When it comes down to it, there’s probably only a small proportion of New Zealand society who are fervent monarchists or republicans. People generally don’t feel that strongly about who our head of state is. In fact, a recent survey showed that only 18% of the public even know who occupies this position. But a much larger proportion of society cares about issues of racial injustice and radical reforms. It’s no surprise that polls show a large majority of New Zealanders don’t support the Government’s Three Waters reforms – probably largely due to the perception that they are a race-based reform giving large elements of control to unelected iwi.
Should the republican movement pursue “minimalist republicanism” or “Treaty republicanism”?
If New Zealand moves to a republic, there are many elements of a new constitution that might be easily agreed upon. The new head of state might be given a title such as Rangatira or Ariki.
But the constitutional reforms that could go along with the transition might be more radical. Therefore, the New Zealand Republican Movement has something of a dilemma in how it pursues change.
Does it adopt a “minimalist republican” reform movement, in which basic change is advocated – simply making the current office of Governor General the new head of state, with a reformed Parliamentary appointment process?
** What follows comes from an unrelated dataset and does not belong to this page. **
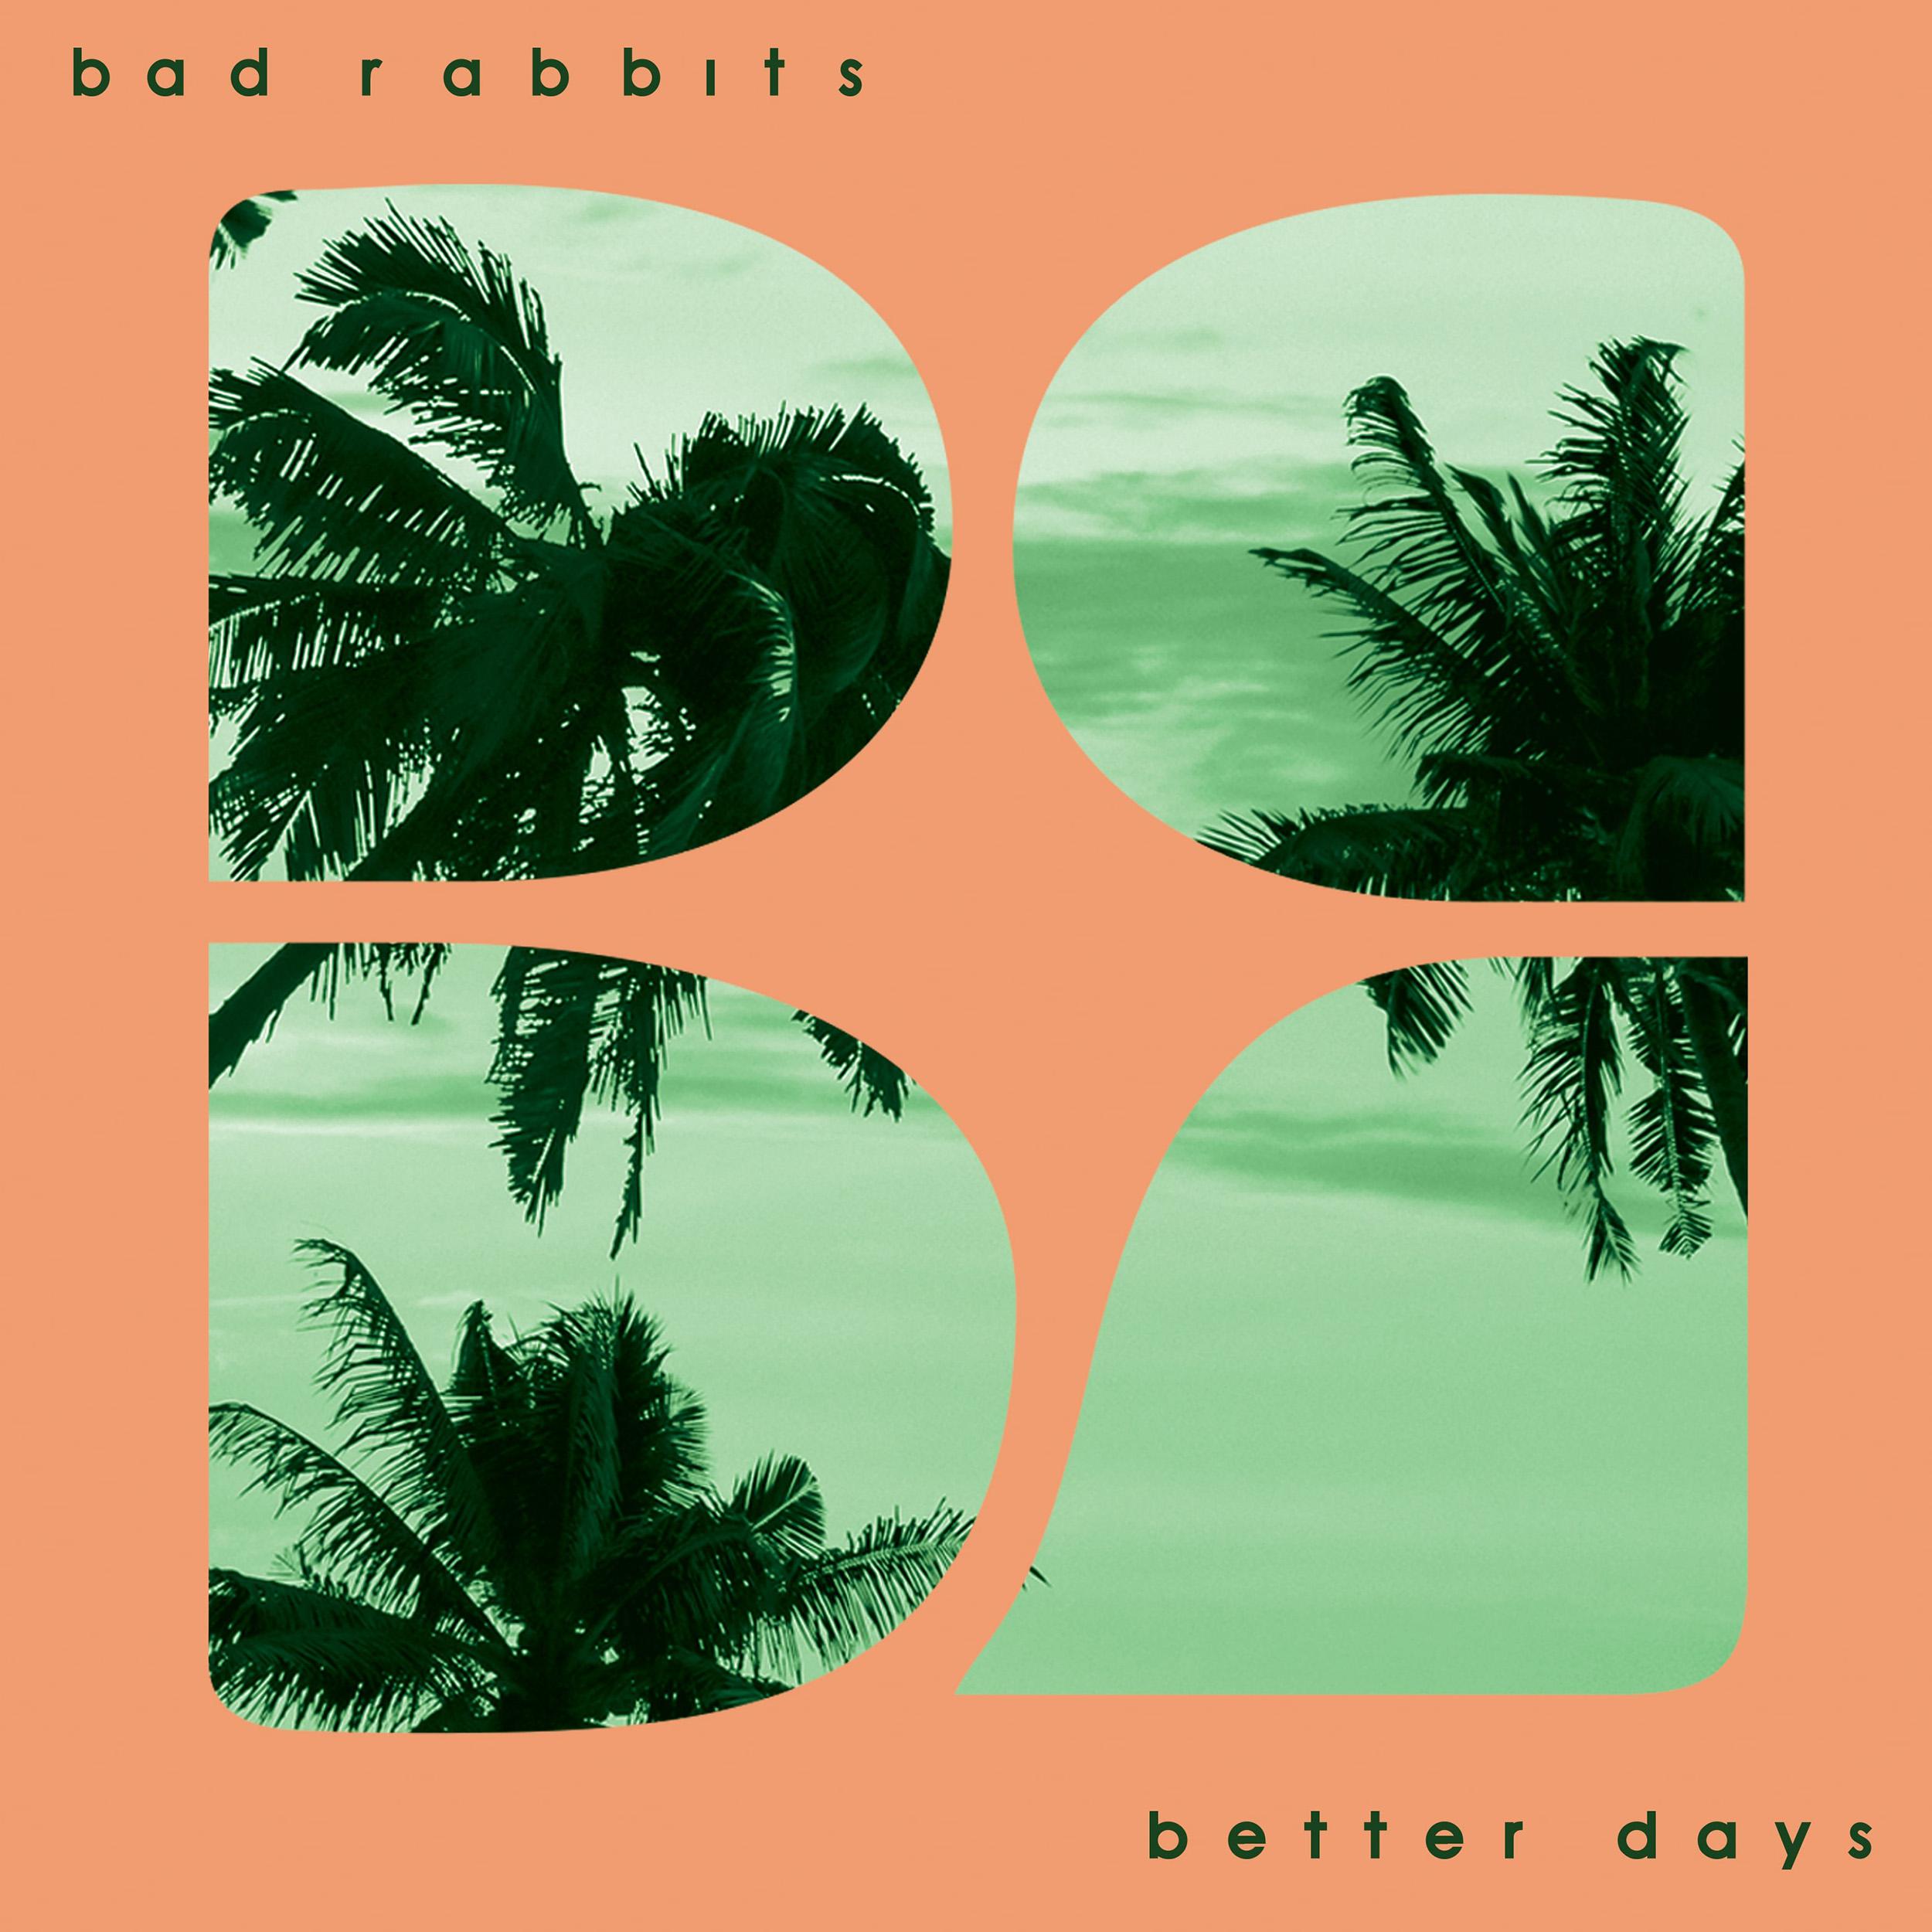 Bad Rabbits - Better Days
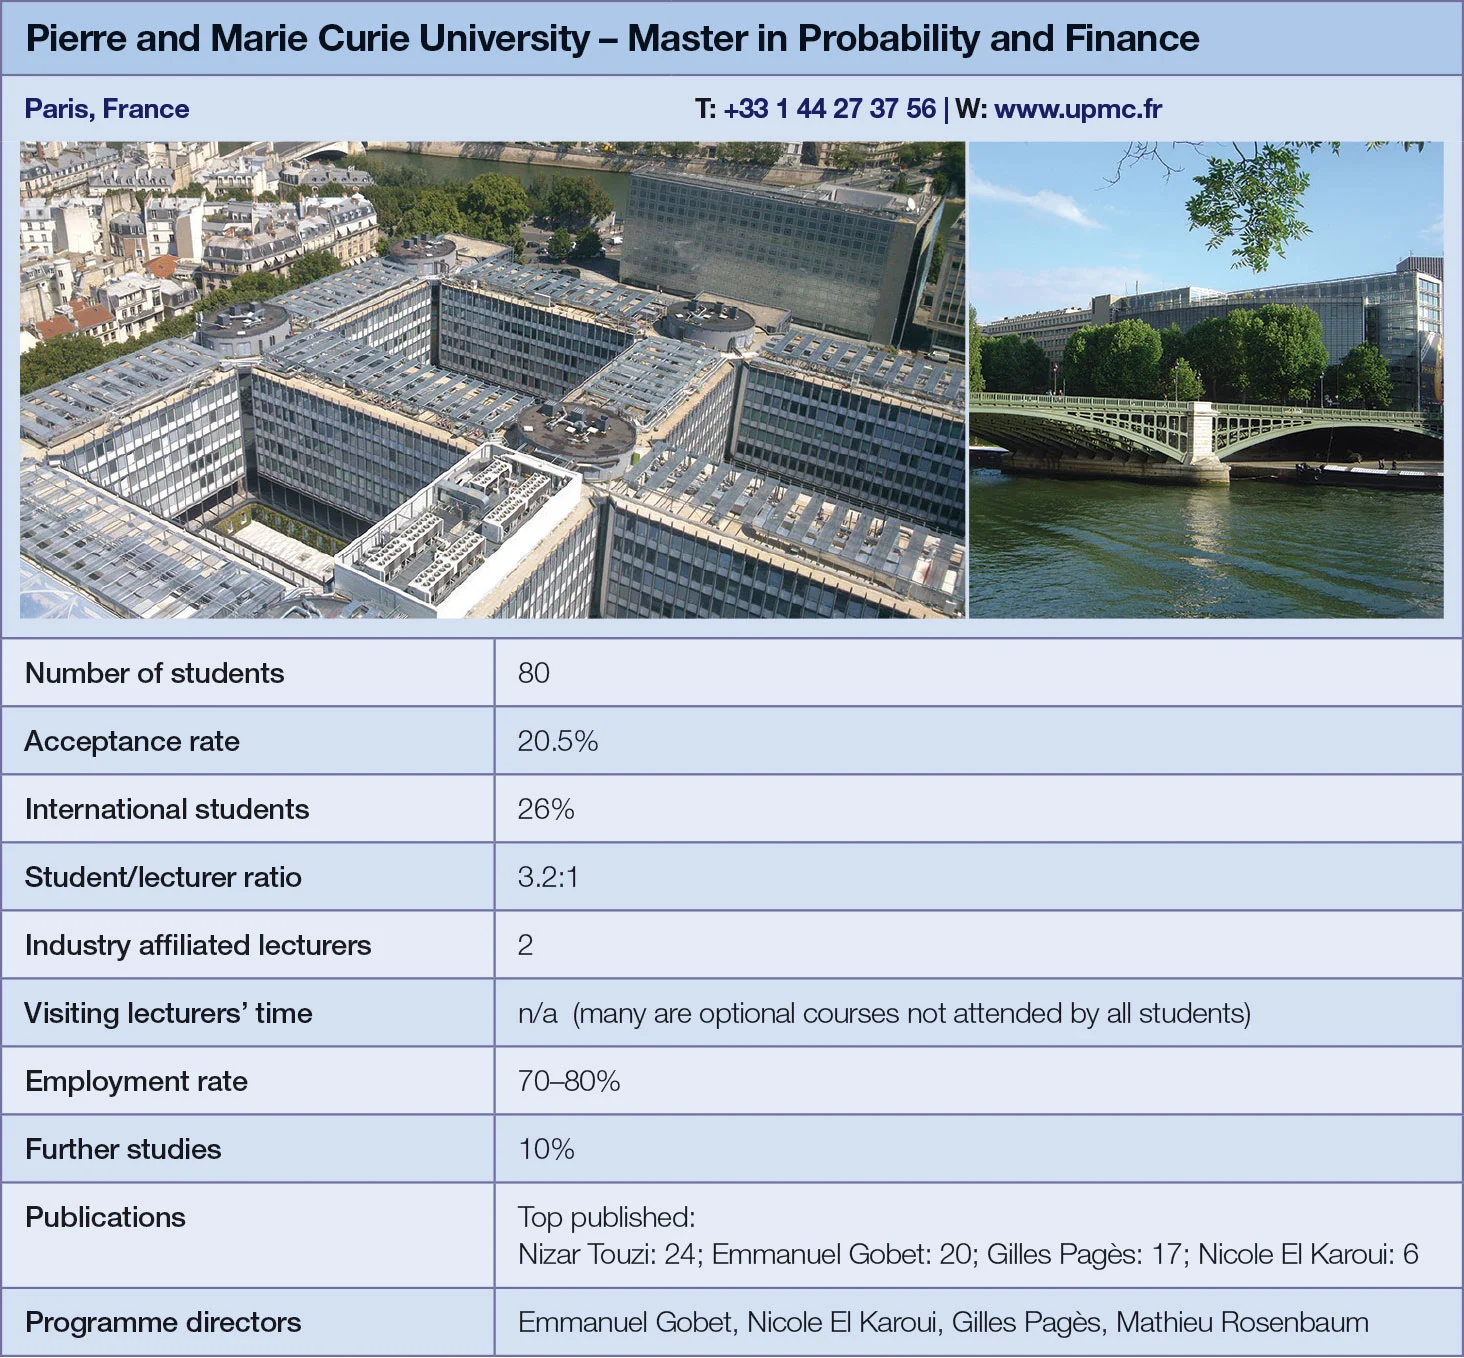 Pierre and Marie Curie University metrics

Or does it look to more widespread constitutional reform, especially that which seeks to fulfill the aspirations of those demanding a more Treaty-based political system.
The former strategy might be more successful in terms of achieving a republic. The latter is more in touch with the Zeitgeist and will help get groups such as iwi leaders, Te Pati Māori and the Greens on side. But this option also threatens to open a real can of worms.
The republican debates we had in the 1980s and 1990s are long over. Back then it was about “minimalist republicanism” – just getting rid of the monarchy. It’s now about “Treaty-based republicanism”.
Most commentators haven’t caught up with this new reality. Much of the constitutional debate over the last few days has been about whether our new head of state would be a president, elected or appointed by Parliament, and how to avoid political capture of the new role.
These are all good discussions to have. But in the end, they miss the bigger questions – which will be around the Treaty, and what role a new republic would have for Māori, and how we embody a multi-ethnic society in constitutional arrangements.
There has been a sense in which New Zealand has been sleepwalking towards a republic, or that we are already a “de facto republic”. Many feel that a final shift to make a republic official is just a matter of launching a new campaign, referendum, or piece of legislation. But the recent Māori political and constitutional renaissance changes all of that. Republicans will have to grapple with demands for more than just a change of a law to replace the King with the Governor General.
For a good illustration of this change, it’s worth noting that in 2017 Te Pati Māori strongly opposed New Zealand becoming a republic but, in 2022, they are leading the charge. This year they have a new policy: “Te Pāti Māori are calling to remove the British royal family as head of state, and move Aotearoa to a Te Tiriti o Waitangi based nation.” And as part of this, they want bigger republican changes, including a Māori Parliament which would operate alongside the present one.
Will this version of republicanism be a goer? Probably not for quite a while yet.
Dr Bryce Edwards is Political Analyst in Residence at Victoria University of Wellington. He is the director of the Democracy Project.